Tacos vs the number line

CC Photo taken by Hajor, 08.Jun.2004. Released under cc.by.sa and/or GFDL.
Sometimes, the correct number of tacos is four.

Last night, I picked up some dinner at the Tacos del Mar right near Matchplay, Mountain View’s best place to play Magic. To be exact, I acquired precisely two chicken tacos. Since the beginning of the draft was drawing near, I brought my repast into the store and prepared to tuck in. Since I was drawing my food from an opaque sack, the magnitude of the feast wasn’t clear to the people in the store, but only Victor cared enough to ask about it. I replied that I had the correct number of tacos.

“I guess it’s better than a negative number of tacos,” Victor replied.

And this set me to thinking. There are tacos of which I wish I had eaten a negative number, foul tacoids whose uneating would have given me greater pleasure than any I could derive from merely digesting them. But that wouldn’t really be eating a negative number of tacos — it would just have been breaking even. “Eating negative tacos” is an act that would consist in (perhaps) eating a stack of saltines and a handful of dirt, then after some mysterious metabolo-­alchemical transmutation, producing from one’s gorge a warm, filled, garnished, and above all whole taco. For maximum awesomeness, the taco would be sheathed in aluminum foil, which could be derived from the abundant aluminum in the Earth’s crust. Wax paper would be an acceptable, organic alternative.

I shared my vision with all present, to a decidedly poor reception, except from Victor. He imagined having such a power, and being driven power-mad by it, but above all having the opportunity to share it, with the battle-cry and summons to dinner, “Sup from my taco-hole!”

It was futher agreed that the nose would be a serviceable taquito-hole, but would not serve well or comfortably in the taco-hole role. It only occurred to me much later that there was no occasion in my life on which I wished I had eaten negative taquitos.

4 Comments

  1. Tyler:

    You neglect the ever-important companion to the taco – the burrito.

  2. BDEaston:

    I submit that the standard burrito is just a rolled soft taco with rice. A Mad Mex burrito would be next to impossible to eat in the negative quantity. Negative enchiladas are more likely, but you would definitely want some kind of wrapping (like the aforementioned foil or wax paper).

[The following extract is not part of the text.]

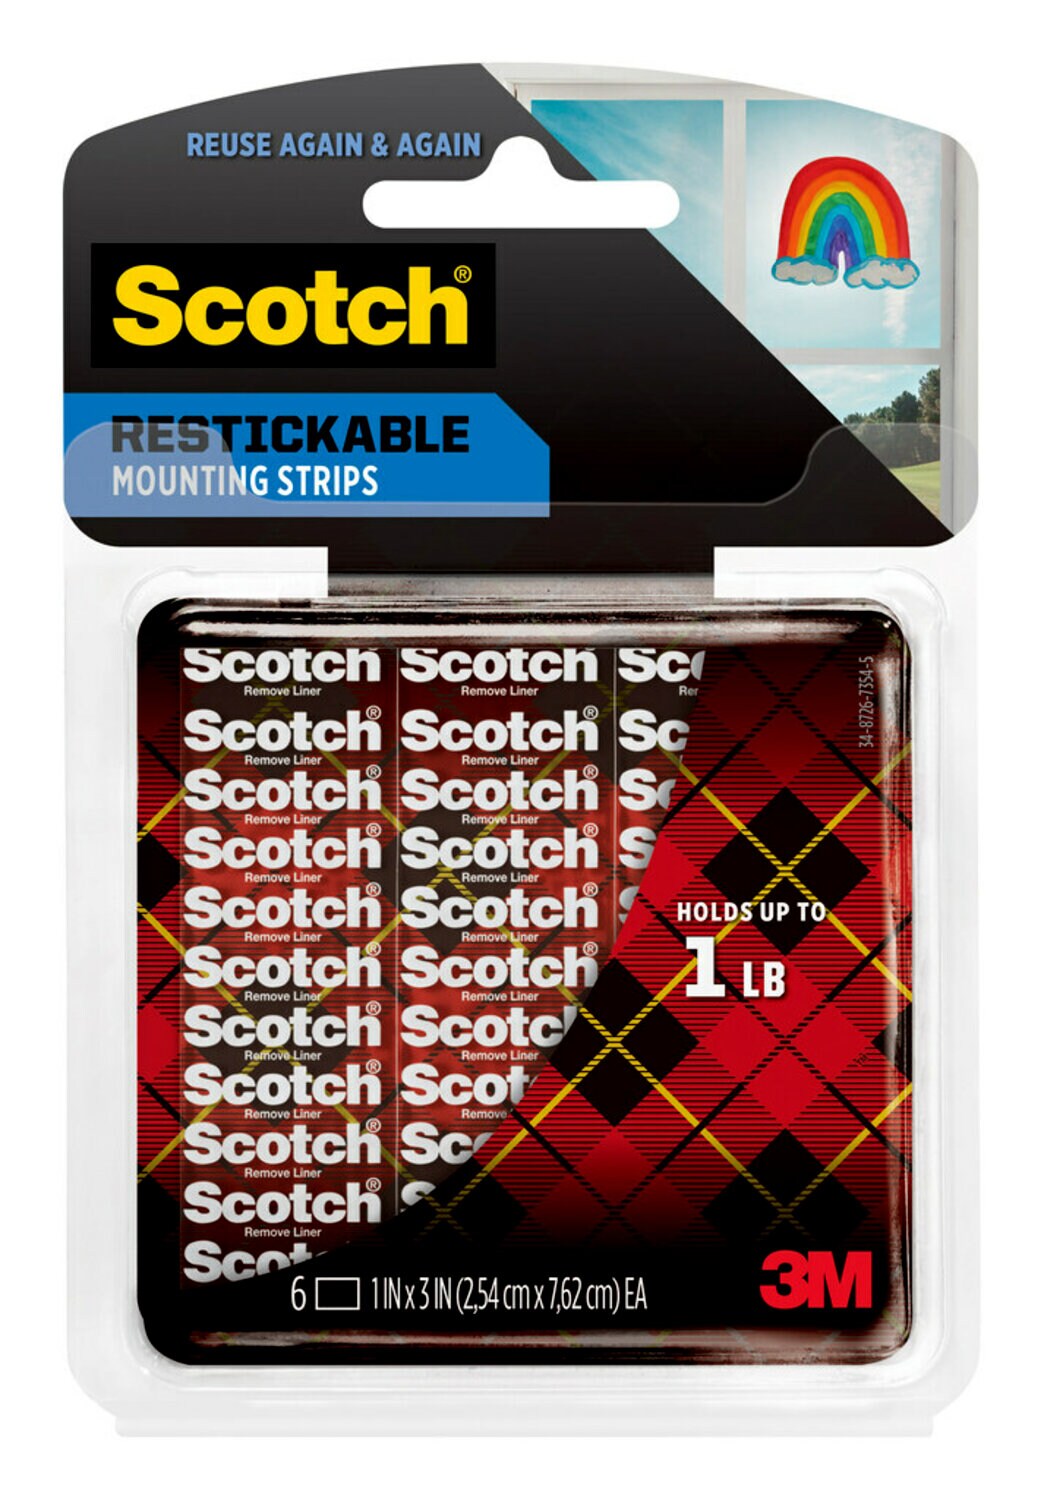 7100245388 - Scotch Restickable Mounting Strips R101S, 1 in x 3 in (2.54 cm x 7.62 cm) 6/pk

    However I believe that if you had, say one bad taco out of many then you could end up feeling as if you had eaten negative tacos. It is also possible that this is not a negative taco but an anti-taco which utilizes a different kind of taco-hole. My feelings are that anti-tacos should be avoided at all costs.

  3. Bentatsu:

    I’ve imagined eating tacos many times. The complexity of taco eating has no limit.

  4. Colin:

    Taco eating is only natural. It’s a critical part of keeping it real.